▶

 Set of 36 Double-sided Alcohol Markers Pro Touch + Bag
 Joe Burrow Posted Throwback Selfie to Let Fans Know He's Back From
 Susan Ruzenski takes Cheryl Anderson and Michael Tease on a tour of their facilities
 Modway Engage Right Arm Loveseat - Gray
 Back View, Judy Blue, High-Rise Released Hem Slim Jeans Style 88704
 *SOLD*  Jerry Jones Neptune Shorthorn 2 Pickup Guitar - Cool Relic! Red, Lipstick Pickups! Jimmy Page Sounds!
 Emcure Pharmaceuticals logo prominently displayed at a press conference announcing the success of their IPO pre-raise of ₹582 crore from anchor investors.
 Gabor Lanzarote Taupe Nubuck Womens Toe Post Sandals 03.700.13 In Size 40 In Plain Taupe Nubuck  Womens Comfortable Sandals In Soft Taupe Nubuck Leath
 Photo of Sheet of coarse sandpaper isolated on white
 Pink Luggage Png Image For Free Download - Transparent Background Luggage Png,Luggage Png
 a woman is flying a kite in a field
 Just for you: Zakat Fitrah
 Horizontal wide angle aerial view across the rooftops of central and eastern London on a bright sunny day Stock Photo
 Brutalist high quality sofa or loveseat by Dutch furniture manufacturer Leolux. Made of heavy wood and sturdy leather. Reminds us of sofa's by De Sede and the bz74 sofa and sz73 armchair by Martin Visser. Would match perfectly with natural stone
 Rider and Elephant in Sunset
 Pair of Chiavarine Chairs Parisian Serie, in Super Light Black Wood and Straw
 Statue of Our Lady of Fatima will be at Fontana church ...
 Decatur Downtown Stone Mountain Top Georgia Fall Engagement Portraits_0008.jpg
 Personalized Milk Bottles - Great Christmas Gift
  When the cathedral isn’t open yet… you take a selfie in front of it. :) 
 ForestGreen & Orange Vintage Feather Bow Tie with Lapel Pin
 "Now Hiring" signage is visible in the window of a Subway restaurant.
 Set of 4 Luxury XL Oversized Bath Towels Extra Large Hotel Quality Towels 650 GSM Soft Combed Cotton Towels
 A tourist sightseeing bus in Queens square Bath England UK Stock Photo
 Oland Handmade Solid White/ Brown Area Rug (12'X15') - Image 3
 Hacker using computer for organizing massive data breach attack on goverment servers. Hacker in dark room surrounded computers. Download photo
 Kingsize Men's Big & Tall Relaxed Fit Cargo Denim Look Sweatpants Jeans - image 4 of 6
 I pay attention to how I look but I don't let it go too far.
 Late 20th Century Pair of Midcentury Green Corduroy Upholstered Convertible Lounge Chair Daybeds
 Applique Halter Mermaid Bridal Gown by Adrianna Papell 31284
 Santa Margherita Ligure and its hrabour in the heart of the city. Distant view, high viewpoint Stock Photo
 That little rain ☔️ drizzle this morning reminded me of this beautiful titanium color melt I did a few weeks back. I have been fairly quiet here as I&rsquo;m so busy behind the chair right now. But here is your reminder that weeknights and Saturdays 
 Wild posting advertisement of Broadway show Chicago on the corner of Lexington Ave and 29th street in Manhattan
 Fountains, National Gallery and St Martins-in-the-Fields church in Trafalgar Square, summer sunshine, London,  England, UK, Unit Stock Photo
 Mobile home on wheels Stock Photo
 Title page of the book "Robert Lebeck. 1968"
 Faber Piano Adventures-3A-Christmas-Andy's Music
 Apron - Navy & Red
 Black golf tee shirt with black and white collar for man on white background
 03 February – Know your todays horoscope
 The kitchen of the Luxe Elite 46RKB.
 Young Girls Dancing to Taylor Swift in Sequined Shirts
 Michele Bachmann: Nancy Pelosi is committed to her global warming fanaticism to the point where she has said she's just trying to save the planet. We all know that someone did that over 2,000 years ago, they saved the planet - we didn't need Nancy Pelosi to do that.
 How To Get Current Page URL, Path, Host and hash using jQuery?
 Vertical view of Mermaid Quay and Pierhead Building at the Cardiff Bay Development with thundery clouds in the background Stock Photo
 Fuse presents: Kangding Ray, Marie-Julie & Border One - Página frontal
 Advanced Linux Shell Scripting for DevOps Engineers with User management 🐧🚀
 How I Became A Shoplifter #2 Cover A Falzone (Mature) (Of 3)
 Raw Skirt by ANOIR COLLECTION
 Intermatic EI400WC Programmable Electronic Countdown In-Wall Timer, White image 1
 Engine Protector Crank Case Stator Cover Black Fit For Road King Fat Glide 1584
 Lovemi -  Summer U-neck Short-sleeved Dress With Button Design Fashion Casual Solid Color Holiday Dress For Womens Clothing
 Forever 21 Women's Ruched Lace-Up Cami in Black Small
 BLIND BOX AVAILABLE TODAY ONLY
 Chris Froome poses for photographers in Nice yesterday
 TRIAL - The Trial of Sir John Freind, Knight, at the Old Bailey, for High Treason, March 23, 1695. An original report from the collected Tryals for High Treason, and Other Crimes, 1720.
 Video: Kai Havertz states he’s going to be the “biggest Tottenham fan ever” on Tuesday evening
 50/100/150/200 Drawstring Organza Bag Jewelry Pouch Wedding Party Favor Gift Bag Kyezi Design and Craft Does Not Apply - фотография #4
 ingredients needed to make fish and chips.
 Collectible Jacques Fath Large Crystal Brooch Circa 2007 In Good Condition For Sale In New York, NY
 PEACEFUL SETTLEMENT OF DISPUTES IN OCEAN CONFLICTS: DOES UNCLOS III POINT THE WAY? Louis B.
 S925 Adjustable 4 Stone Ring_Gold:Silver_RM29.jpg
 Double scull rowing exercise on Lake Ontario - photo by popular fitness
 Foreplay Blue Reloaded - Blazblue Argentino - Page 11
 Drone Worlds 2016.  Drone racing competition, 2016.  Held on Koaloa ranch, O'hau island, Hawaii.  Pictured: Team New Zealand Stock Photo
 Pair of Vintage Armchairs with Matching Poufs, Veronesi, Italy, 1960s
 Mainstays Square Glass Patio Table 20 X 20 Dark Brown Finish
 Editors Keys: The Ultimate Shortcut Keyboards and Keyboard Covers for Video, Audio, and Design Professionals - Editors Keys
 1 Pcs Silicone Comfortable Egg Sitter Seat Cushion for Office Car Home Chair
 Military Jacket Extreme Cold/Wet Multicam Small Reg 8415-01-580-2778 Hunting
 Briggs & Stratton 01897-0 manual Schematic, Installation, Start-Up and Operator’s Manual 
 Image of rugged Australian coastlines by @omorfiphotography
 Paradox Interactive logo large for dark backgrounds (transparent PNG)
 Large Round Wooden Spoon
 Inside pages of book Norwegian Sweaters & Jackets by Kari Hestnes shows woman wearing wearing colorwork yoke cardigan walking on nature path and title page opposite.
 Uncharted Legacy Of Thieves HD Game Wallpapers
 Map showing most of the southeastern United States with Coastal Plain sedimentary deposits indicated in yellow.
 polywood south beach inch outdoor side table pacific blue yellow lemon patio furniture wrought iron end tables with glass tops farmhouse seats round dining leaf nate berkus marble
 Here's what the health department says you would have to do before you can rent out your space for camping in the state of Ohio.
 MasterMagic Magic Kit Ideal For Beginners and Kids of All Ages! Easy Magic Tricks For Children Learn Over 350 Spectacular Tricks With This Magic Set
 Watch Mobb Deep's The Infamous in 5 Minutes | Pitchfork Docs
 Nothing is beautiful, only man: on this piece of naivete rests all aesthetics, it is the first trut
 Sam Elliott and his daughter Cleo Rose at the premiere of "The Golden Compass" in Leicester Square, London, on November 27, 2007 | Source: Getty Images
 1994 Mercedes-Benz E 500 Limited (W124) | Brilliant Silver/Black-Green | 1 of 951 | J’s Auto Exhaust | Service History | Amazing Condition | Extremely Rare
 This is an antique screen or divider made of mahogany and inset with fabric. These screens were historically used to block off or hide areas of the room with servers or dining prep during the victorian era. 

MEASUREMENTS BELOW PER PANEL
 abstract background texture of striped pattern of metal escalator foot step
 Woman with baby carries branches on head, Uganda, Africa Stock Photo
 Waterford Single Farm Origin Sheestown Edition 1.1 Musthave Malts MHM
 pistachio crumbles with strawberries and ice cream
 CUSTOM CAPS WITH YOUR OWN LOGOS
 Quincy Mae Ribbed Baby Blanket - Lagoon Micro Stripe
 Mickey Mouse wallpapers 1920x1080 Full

◀

What the task requires → Emit, unaltered, the lines from the top of the listing down through the line that holds "Horizontal wide angle"; emit nothing else.

Problem solution →
 Set of 36 Double-sided Alcohol Markers Pro Touch + Bag
 Joe Burrow Posted Throwback Selfie to Let Fans Know He's Back From
 Susan Ruzenski takes Cheryl Anderson and Michael Tease on a tour of their facilities
 Modway Engage Right Arm Loveseat - Gray
 Back View, Judy Blue, High-Rise Released Hem Slim Jeans Style 88704
 *SOLD*  Jerry Jones Neptune Shorthorn 2 Pickup Guitar - Cool Relic! Red, Lipstick Pickups! Jimmy Page Sounds!
 Emcure Pharmaceuticals logo prominently displayed at a press conference announcing the success of their IPO pre-raise of ₹582 crore from anchor investors.
 Gabor Lanzarote Taupe Nubuck Womens Toe Post Sandals 03.700.13 In Size 40 In Plain Taupe Nubuck  Womens Comfortable Sandals In Soft Taupe Nubuck Leath
 Photo of Sheet of coarse sandpaper isolated on white
 Pink Luggage Png Image For Free Download - Transparent Background Luggage Png,Luggage Png
 a woman is flying a kite in a field
 Just for you: Zakat Fitrah
 Horizontal wide angle aerial view across the rooftops of central and eastern London on a bright sunny day Stock Photo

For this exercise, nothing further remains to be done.